Local semantic search over a project's docs/ folder, exposed as an MCP server. Install once per machine, query from any MCP client (Claude Code, Codex, Cursor, ...) across every project you own.

What it does

fat-docs indexes the markdown files in your repo's docs/ directory, generates embeddings with a local model (no API calls, nothing leaves your machine), and serves two MCP tools:

  • search_docs — semantic search with two-stage ranking (doc-level prefilter, then chunk-level ranking inside the top docs). Returns stitched excerpts around each hit. Supports path_filter, tags, and groups as pre-filters.
  • index_docs — builds or rebuilds the index for the current project.

It ships alongside a groupings skill for the major coding agents (Claude Code, Codex, Cursor) that helps you generate docs/groupings.md — a taxonomy your agents use when writing doc front matter and maintaining docs/guide.md.

Why a background service

The embedding model is ~275MB and takes a few seconds to load. Spawning a fresh MCP process per query would reload it every time. So fat-docs runs as a single long-lived service on 127.0.0.1:18800, loaded once, multi-tenanting every docs folder on your machine. Each MCP request sends an X-Docs-Dir header pointing at the docs folder it wants.

The service is installed via:

  • macOS: launchd user agent (~/Library/LaunchAgents/com.fat-docs.server.plist)
  • Linux: systemd --user unit (~/.config/systemd/user/fat-docs.service)
  • Windows: Task Scheduler task at logon (\fat-docs)

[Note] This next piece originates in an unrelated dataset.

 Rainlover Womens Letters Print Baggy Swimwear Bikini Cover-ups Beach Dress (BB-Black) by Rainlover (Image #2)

No admin privileges. Runs at login, restarts on crash.

Quick start

# In your project
npx fat-docs init

Interactive setup walks you through:

  1. Installing the background service (first time only; subsequent projects reuse it)
  2. Scaffolding the canonical docs/ structure (product/, technical/patterns/, technical/runbooks/ with overview files) — existing files are never overwritten
  3. Writing the .mcp.json entry pointing at the service
  4. Adding docs/.fat-docs/ to .gitignore
  5. Appending a "docs search is available" block to CLAUDE.md and/or AGENTS.md (each opt-in)
  6. Installing the groupings skill for Claude Code, Codex, and Cursor (each opt-in)

Then:

# In your agent: invoke the `groupings` skill to generate docs/groupings.md
# Then:
npx fat-docs index

Restart your MCP client and search_docs is available.

Canonical docs structure

fat-docs is opinionated about a base layout every docs/ folder should have. On init, the following files are scaffolded (existing files are never overwritten):

docs/
├── product/
│   └── overview.md           # product-level docs: what the thing does, who it's for
└── technical/
    ├── overview.md
    ├── patterns/
    │   └── overview.md       # code conventions, patterns, and rules
    └── runbooks/
        └── overview.md       # operational how-tos (local dev, deploy, debug, onboarding)

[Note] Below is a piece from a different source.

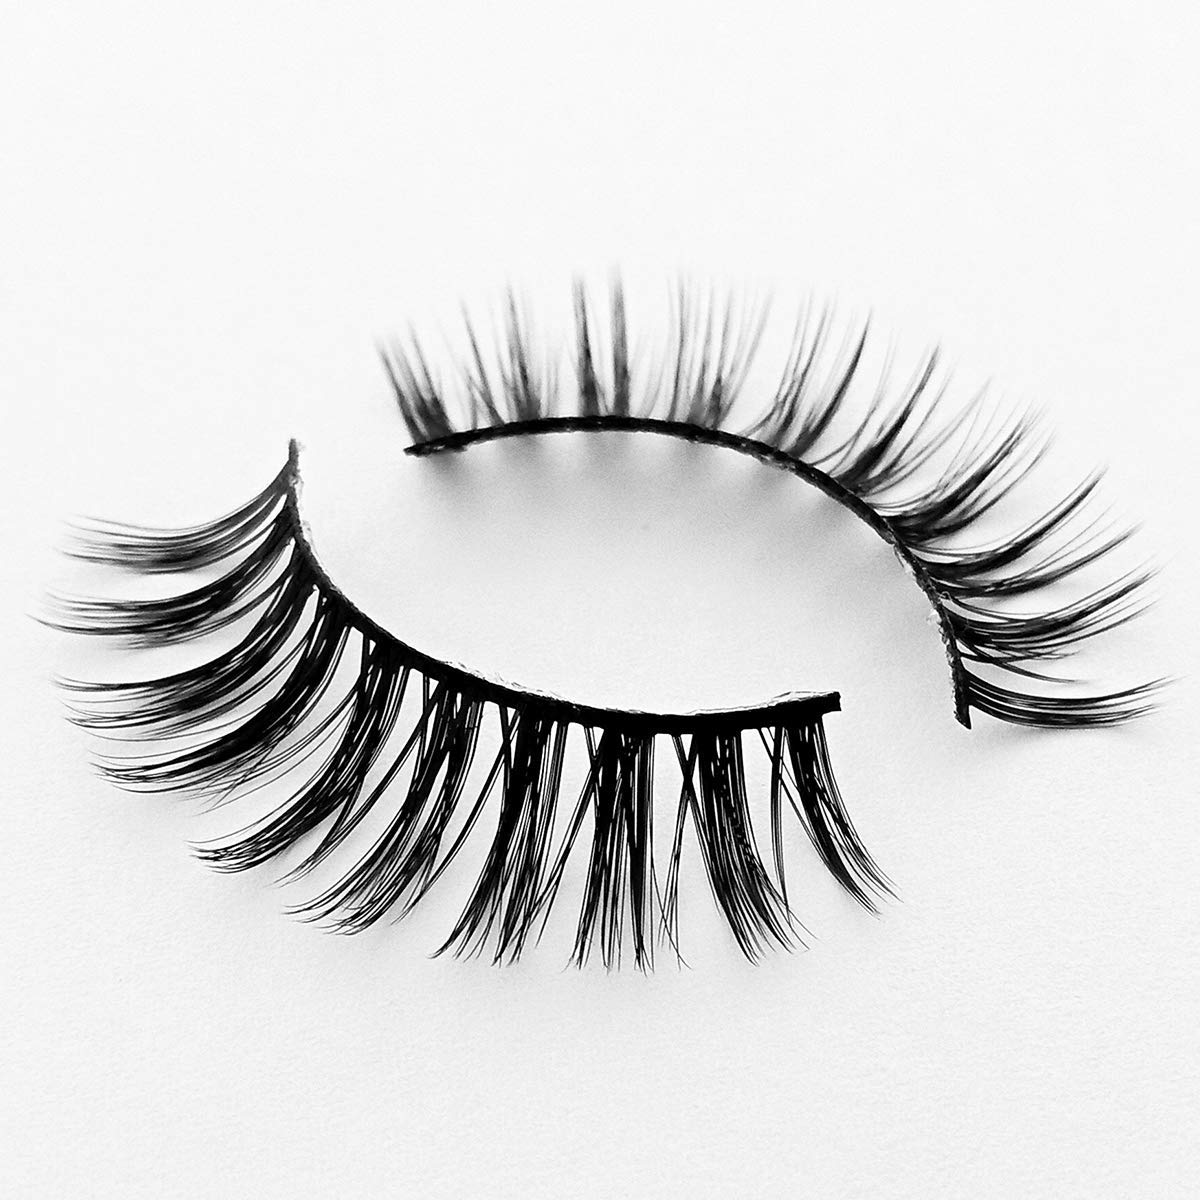 3D Wispies False Eyelashes Long Lashes With Volume for Women's Make Up Bulk Extensions Handmade Soft Fake Eye lash,5 Pairs

Each overview.md describes its folder's purpose and serves as a mini-index of the docs within. Agents maintain these as docs are added (per the memory-file instructions).

Why opinionated? Generic engineering tooling — the /dev command in your agent, onboarding automation, agent-driven code review — benefits from a predictable place to find patterns and runbooks. Anyone landing in the repo should know where to look.

You're free to add other top-level folders (architecture/, business/, whatever) as needed; fat-docs only cares about the scaffolded ones.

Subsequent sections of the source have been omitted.